The CPN(Maoist) launched armed struggle on February 13, 1996, in opposition to comrades who urged that the time was not right, “objective” conditions did not exist, and that the electoral path should be pursued.  But the leadership insisted that only by making a revolutionary break with pre-existing legality could the ordinary people learn their own strength, drive out the hated police and the landlords and usurers, and begin the process of learning how to become the ruling class.  In the ten years of People’s War a great number of young people of both sexes and all communities, including the most downtrodden, have made themselves into the seeds of the new society.  When in 2006 the CPN(Maoist) returned to the path of civil peace and electoral democracy they did so from a position of immense strength.  Dawa Tamang was 22 years old when the People’s War began; before Dawa Tamang could even imagine defeating Pashupati Shumsher Rana in a free election it would be necessary to learn how to defeat his guards, police, and soldiers in armed struggle.

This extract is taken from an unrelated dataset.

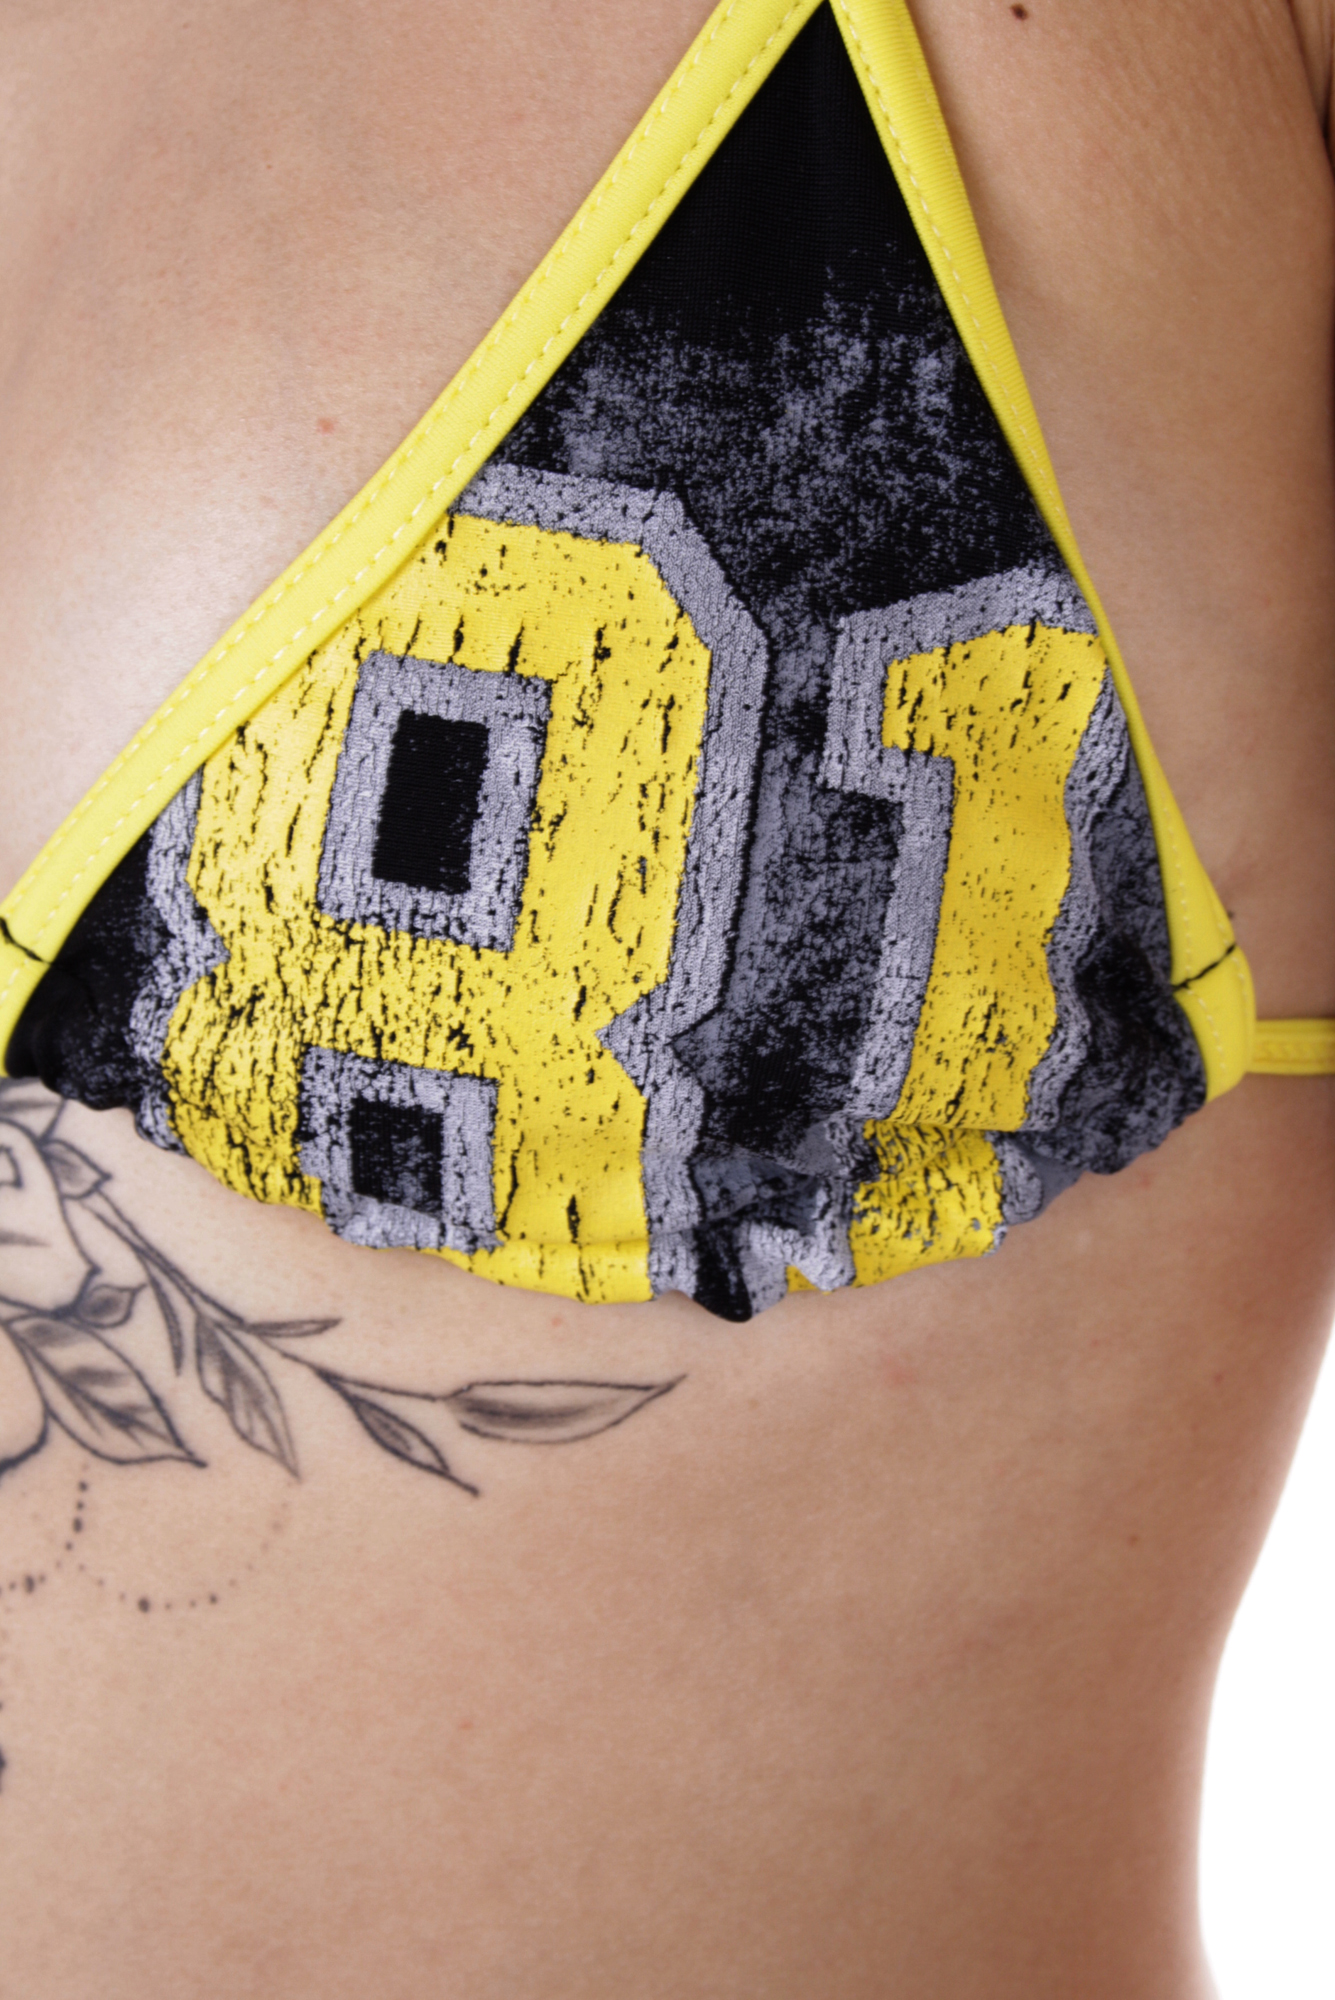 replay bikini badeanzug triangel bh string gr 34 40 cup aa b 36. Black Bedroom Furniture Sets. Home Design Ideas

There has been no readymade formula for the tasks that have been successfully accomplished, even less so for the tasks that lie ahead.  The immediate problem of food supply and the longer-term question of economic development are daunting.  But for those of us who believe that politics must be in command, the events in Nepal are of the greatest significance.  In 2003 the CPN(Maoist) adopted a resolution entitled “Development of Socialism in 21st Century.”  It looked toward multiparty competition organised under a constitutional framework of a firmly proletarian and people’s democratic nature.  Randhir Singh has written that achieving socialist democracy “must be viewed not as a destination but as a never-ending historical process involving constant struggle and ever greater democracy” (Crisis of Socialism, Amit Atwal, 2006, p.818).  The CA election marks the next stage in the emergence in Nepal of a revolutionary socialist democracy, an event of world historic importance.